115. The protocol (Appendix D) for the conduct of CIRs is a good model derived from practical experience and, if implemented appropriately, should result in a thorough, open examination of the circumstances surrounding a particular episode.
116. A system of risk management, based on openness and the clear assumption of responsibility should not have to rely on "whistle blowing" by an individual concerned about a particular matter. A confidential system which allows a staff member with a concern about an episode or procedure to point to the issue can be valuable. There are obligations. The system breaks down if it is used to pursue grievances. It has to involve the staff member revealing a name. The people raising issues have to accept that their views may not prevail when balanced up against the risk management committee's perspective. Staff have the right to careful consideration of the issue, with a senior clinical manager, a member of the risk management committee, assessing issues and reporting regularly to it. Confidential means just that and a person using the system should be protected from retribution by others whose practice may be questioned as a result of the report. If trust in the system can be generated by how it is seen to operate, it allows the organisation to start to learn to do better. Only if the system is failing is an individual justified in following a route to outside agencies, such as the Mental Welfare Commission for Scotland.

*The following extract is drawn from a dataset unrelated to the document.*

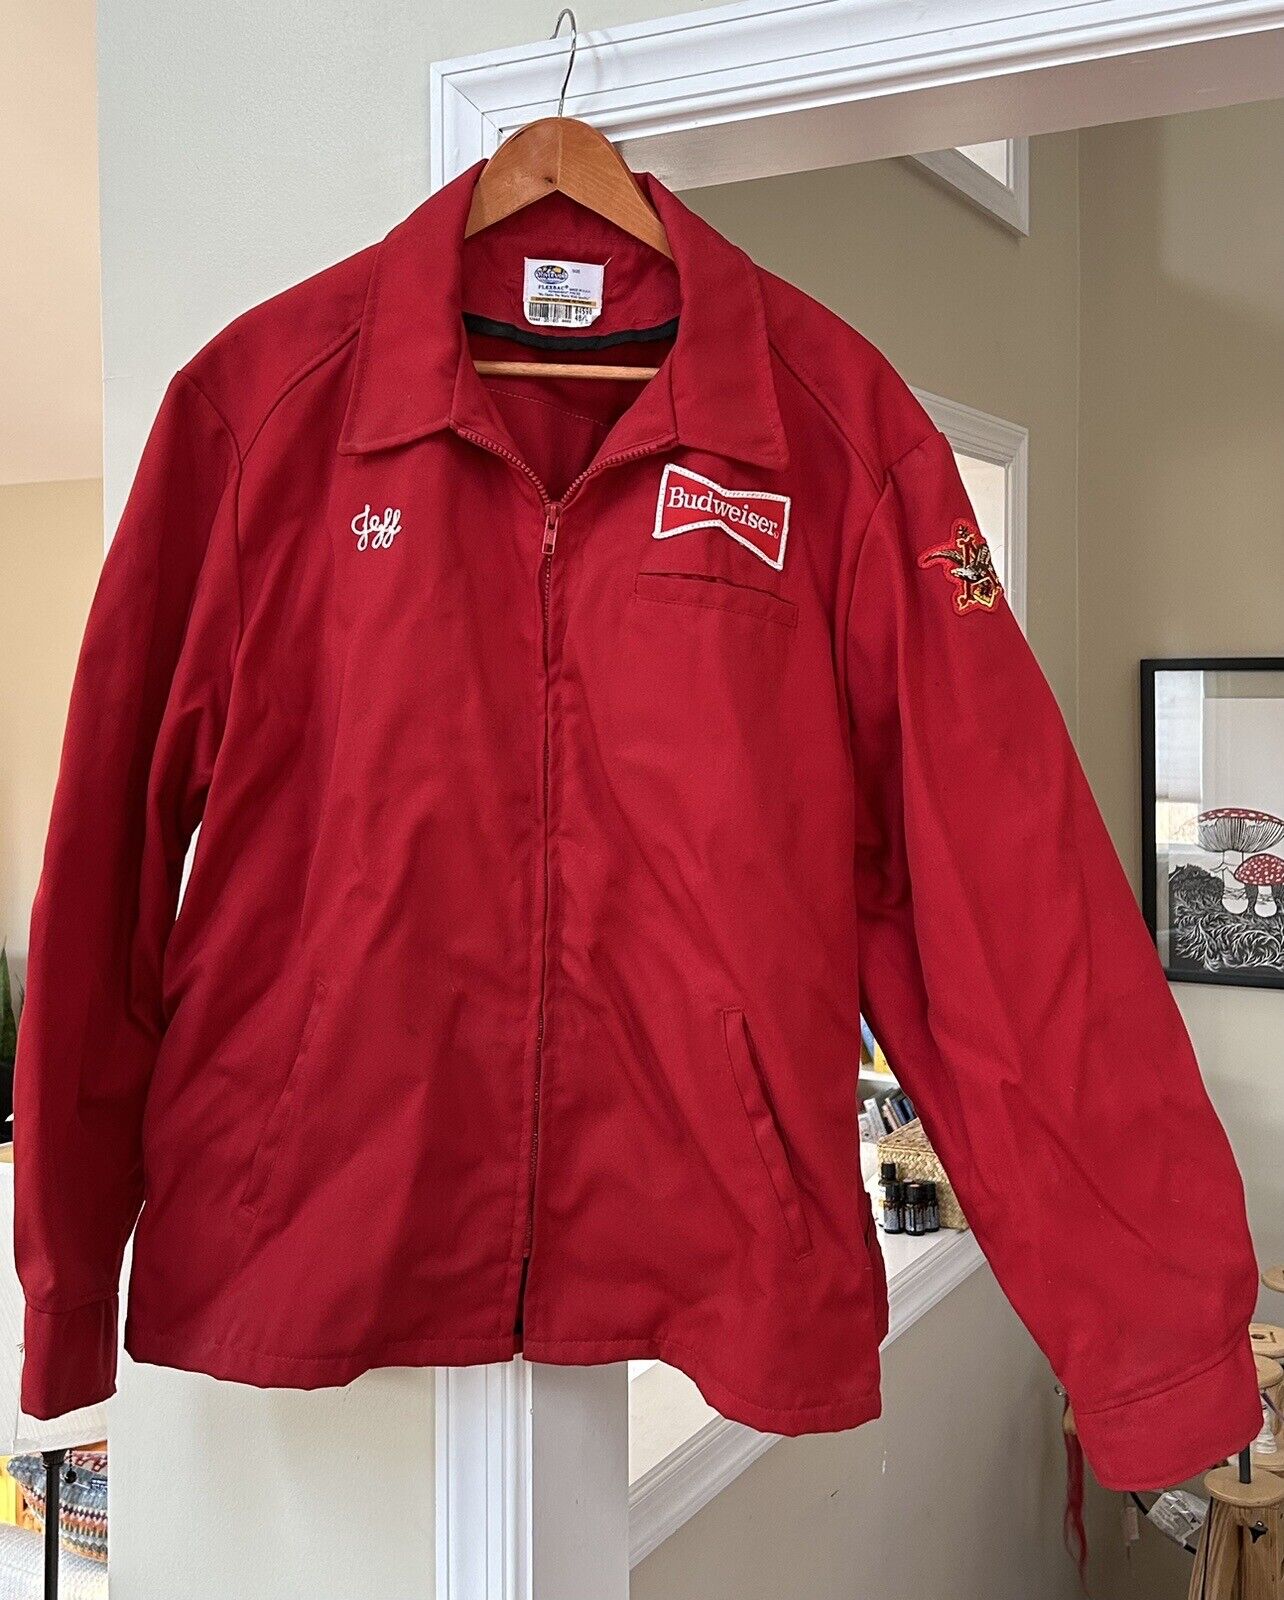 Vintage Anheuser Busch BUDWEISER Red Beer Delivery Man Jacket Coat Uniform LARGE

117. The sub-group's remit was to cover mental health services. The first point in the Service Element section of the Framework covered the interface between primary and secondary health care, and social work. General practice has a major role to play in the provision of comprehensive mental health services. All members of the primary health care team, including receptionists, are involved. The continuing assessment of risk and its management is an ever present task. The existence of the Primary Care Trust with mental health services firmly embedded is an indication of the determination to move to a community focused service. The sub-group hopes that the points outlined above will be helpful to local healthcare co-operatives in working out and implementing management of risk policies. It will be for individual Primary Care Trusts to decide with their component co-operatives on whether there should be one risk management committee for the organisation, or several, one for each component. Because boundaries seem to make risk management more difficult, there is something to be said for having just one.